Materials The following technical terms, abbreviations and trade names of materials are used in the examples.
Melt moldable semicrystalline thermoplastic (co) polymer Polypropylene (PP) available under the name F008F from Sunoco Chemicals (Philadelphia, PA).

  High density polyethylene (HDPE) available under the name FINATHENE 1285 from Total Petrochemicals (Pasadena, Texas).

  Poly (ethylene chlorotrifluoroethylene) (ECTFE) available under the names 901 DA and 902 from Solvay Solexis (Brussels, Belgium).

Second compound (diluent)
A mineral oil diluent available under the name SUPERLA WHITE 31 from Amoco Lubricants (currently Chevron Lubricants, Richmond, Calif.).

  Dibutyl sebacate diluent available from Parchem (New Rochelle, NY).

Nucleating agent Polypropylene nucleating agent available under the name NX10 from Milliken Chemical Co. (Spartanburg, SC).

  Ethylene tetrafluoroethylene (ETFE) nucleating agent available under the name 6235 from 3M Dinion (St. Paul, Minn.).

Test Methods The following test methods are used to evaluate microporous materials prepared according to the present disclosure.
Gurley Ventilation Resistance Gurley Ventilation Resistance is measured according to ASTM D726-58, Method A, 50 cubic centimeters (cc) of air (or another specific volume) through a porous membrane of 6.35 cm ² (1 square inch) with a water pressure of 124 mm. Is the time (seconds) to pass through.

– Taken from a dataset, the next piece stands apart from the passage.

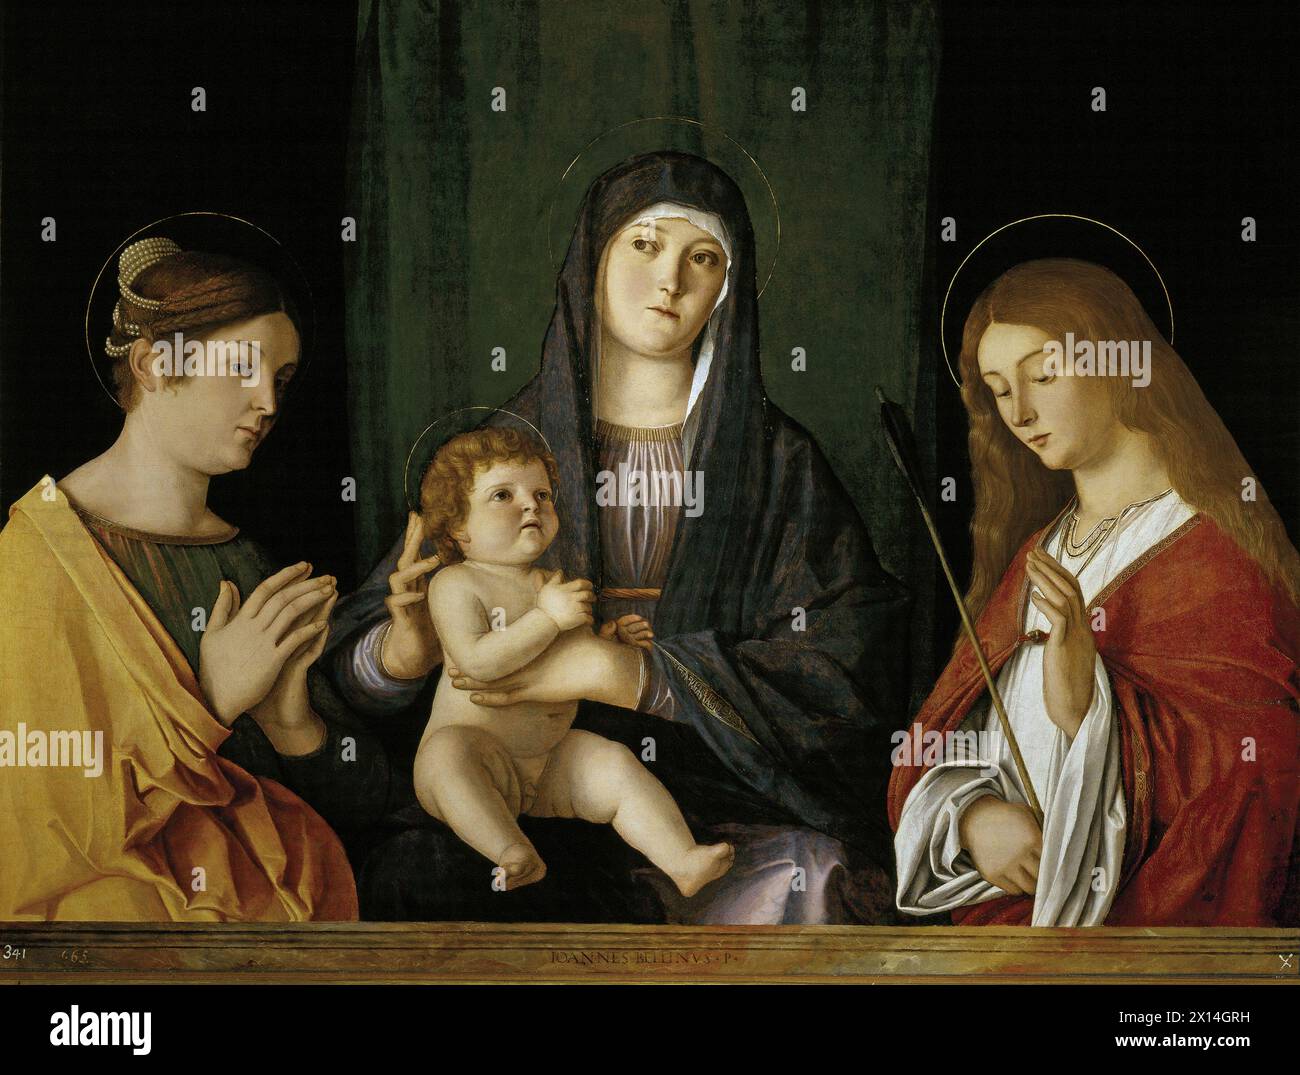 Madonna and Child with Saint Mary Magdalene and Saint Ursula or Virgin and Child with Saints Magdalene and Ursula is an oil on panel painting by Giovanni Bellini that belongs to the sacra conversazione genre and dates to 1490. Stock Photo

Porosity The porosity of the porous membrane was a calculated porosity _Pcal based on the following. (I) measured bulk density (d _sf ) of the washed and stretched film, and (ii) measured bulk density (d _pp ) of pure (co) polymer. The following equation is used.
P _cal = [1− (d _sf / (d _pp )] × 100%

Thickness Material thickness was measured to 1/1000 inch using a TMI caliper gauge (Testing Machines Inc., Amityville, NY). The measured value was converted to micrometer.

Bubble point The bubble point pore size is the bubble point value (in micrometer) indicating the maximum effective pore size in the sample according to ASTM-F-316-80.

Tensile strength and modulus Tensile and modulus values were measured using an Instron model 1122 according to ASTM D 882-97.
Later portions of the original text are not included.